Sometimes we’re so harsh with our materiality threshold that none of our ideas meet our exacting standards. What does that mean?

It means your ideas aren’t good enough. It means your problem wasn’t one of prioritization after all, but rather of not having ideas worth prioritizing.

Focus the team on this new, more pressing problem: To generate better ideas. Here’s some help with generating better ideas.

But this will take time! Fine, put it in the sprint. But we need a plan right now! Too bad; it’s better to take a month to find a wonderful thing to spend the rest of the year on, than to plod along doing things that aren’t valuable enough. Do high-ROI small projects in the meantime.

Why bother scoring everything when most will be rejected immediately? #

Indeed, you needn’t bother. That saves time.

However, remember that an important aspect of decision-making is explaining your decision. Often, explaining “why not Q” is just as important as explaining “why P.” Other people will want to know you seriously considered other options.

Most importantly, there are the people who really wish you had selected Q. Maybe Q was even their idea. The rejection will be easier to accept, if it was seriously and genuinely considered. Perhaps, by being invited into the decision process, the person who invented Q will come to the right conclusion on their own. This is important; do not underestimate the human—and humane—part of the process.

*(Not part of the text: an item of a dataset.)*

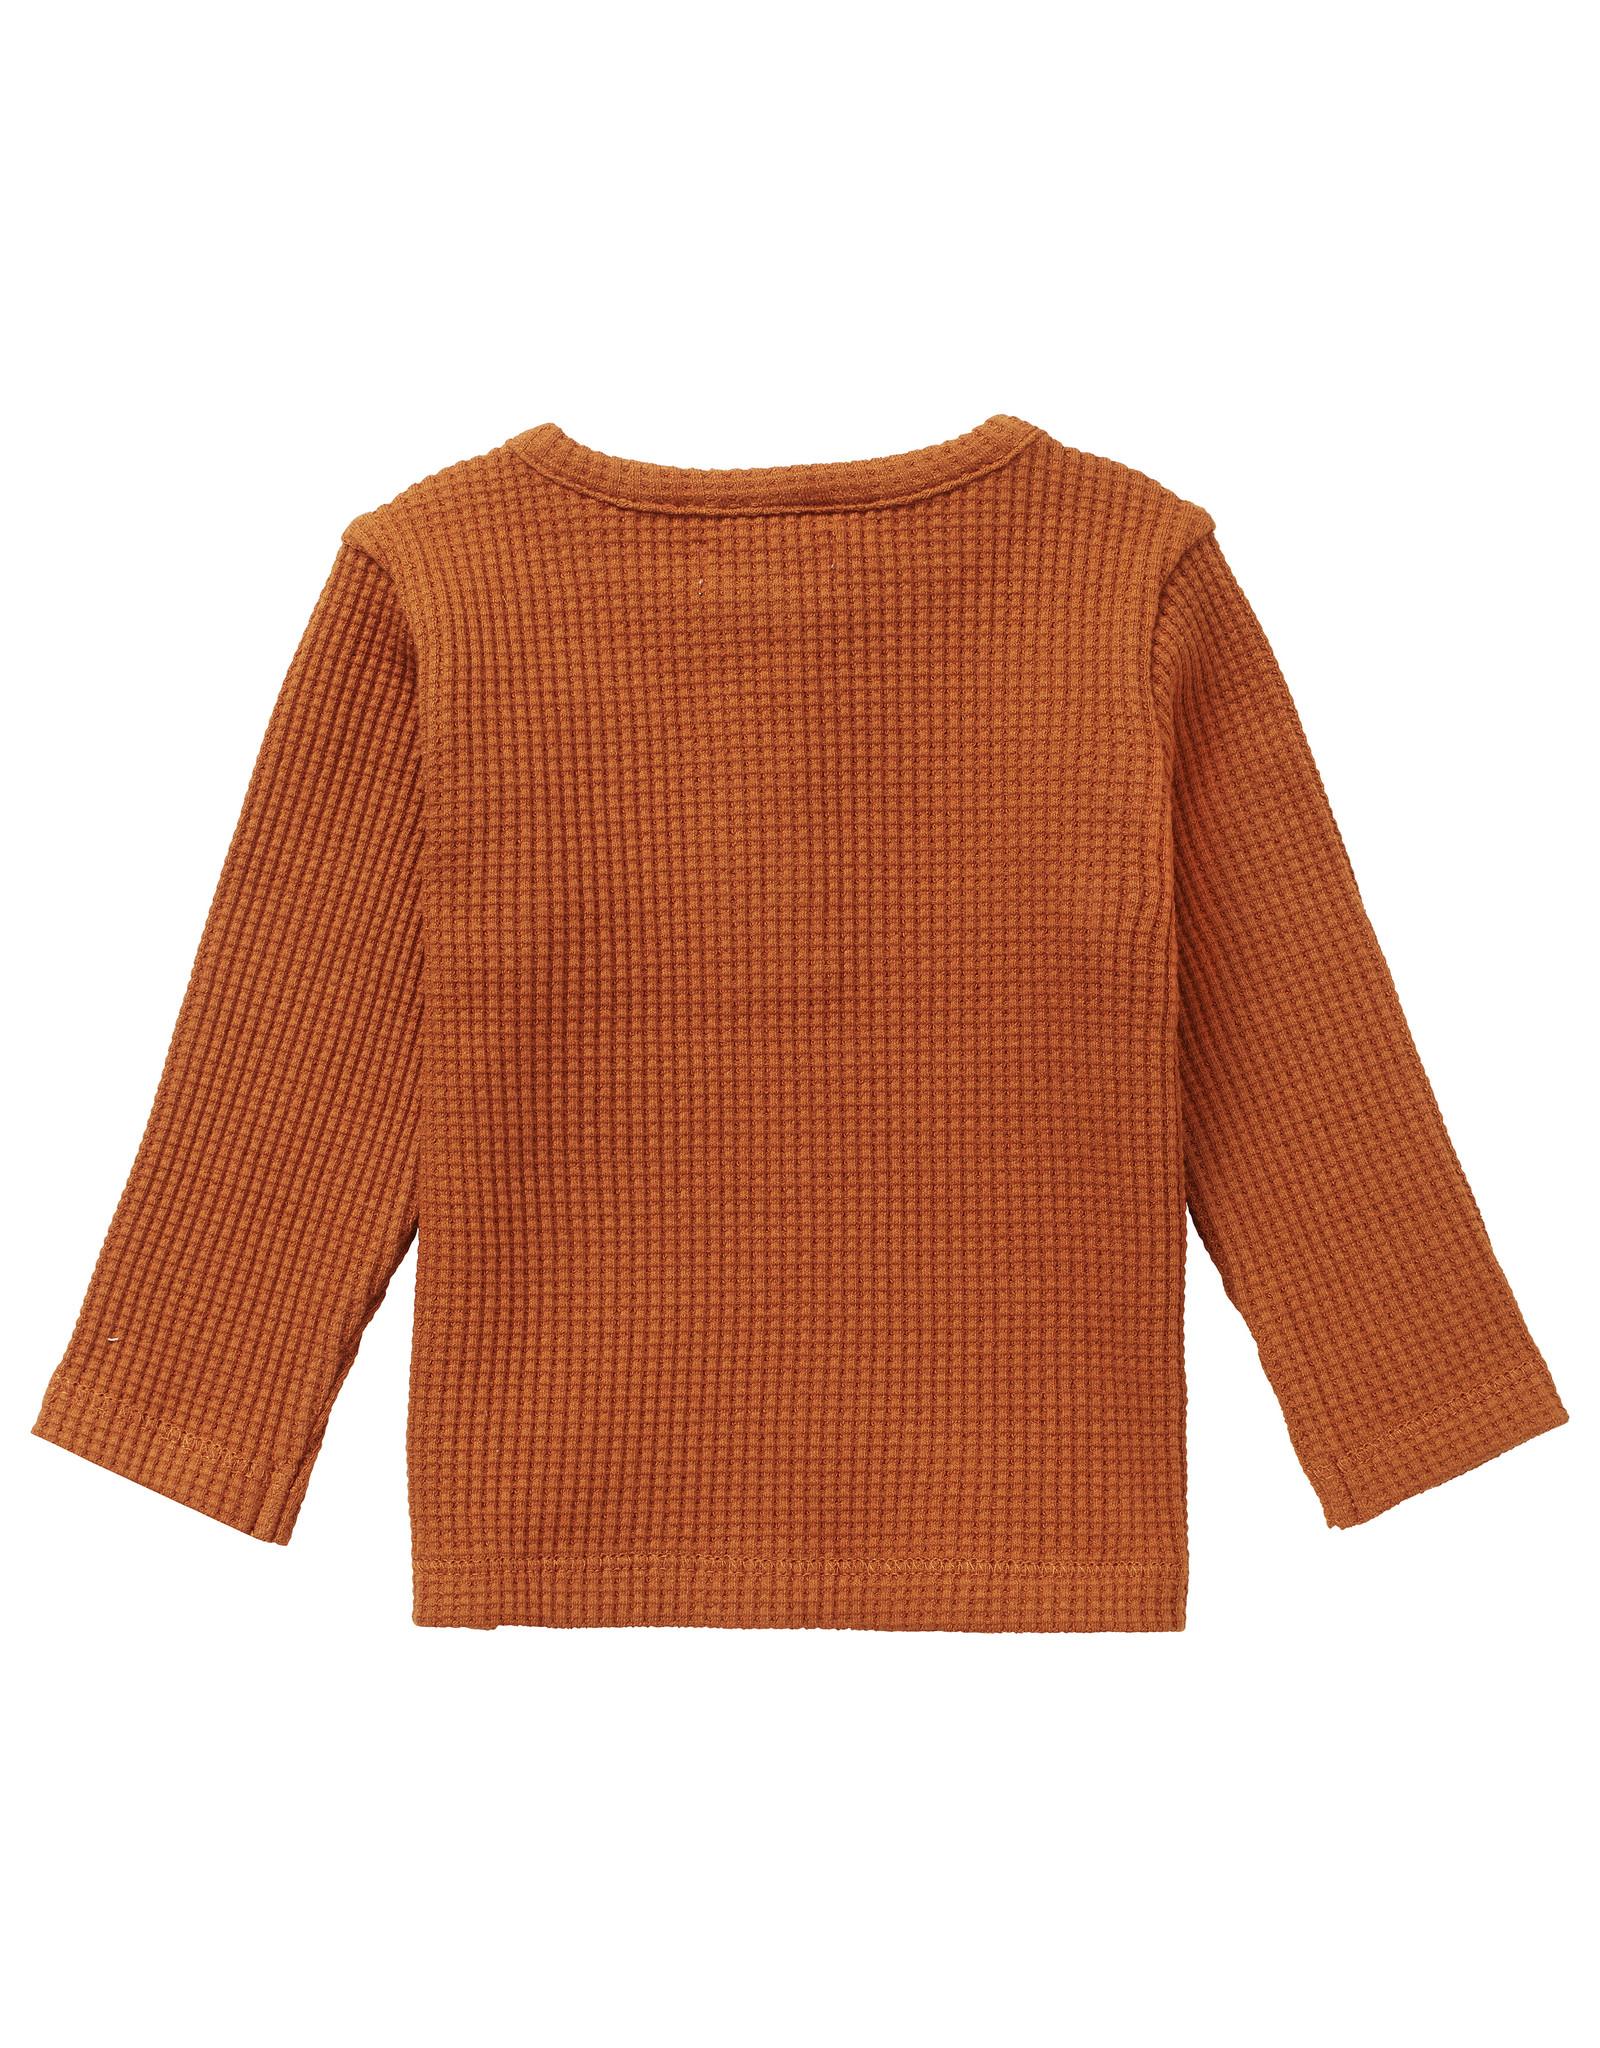 Noppies U T-shirt LS Spilsby, Roasted Pecan

“Reductive” to the rescue #

Binstack can feel reductive—over-simplified, ignoring the reality of a complex world, therefore resulting in an incorrect conclusion. It is true that for complex problems like foreign policy, national economics, and climate change, a reductive approach is invalid.

But for finding the right feature to build, or the right marketing campaign to launch, or the right bug-tracking software to adopt, or the right database to use for a new project, or the best candidate to hire, being (intelligently) reductive is how you transcend the noise, arrive at a clear decision, and explain it to others.

This isn’t foreign policy, it’s a feature list. Make an impact with Binstack, and be happy!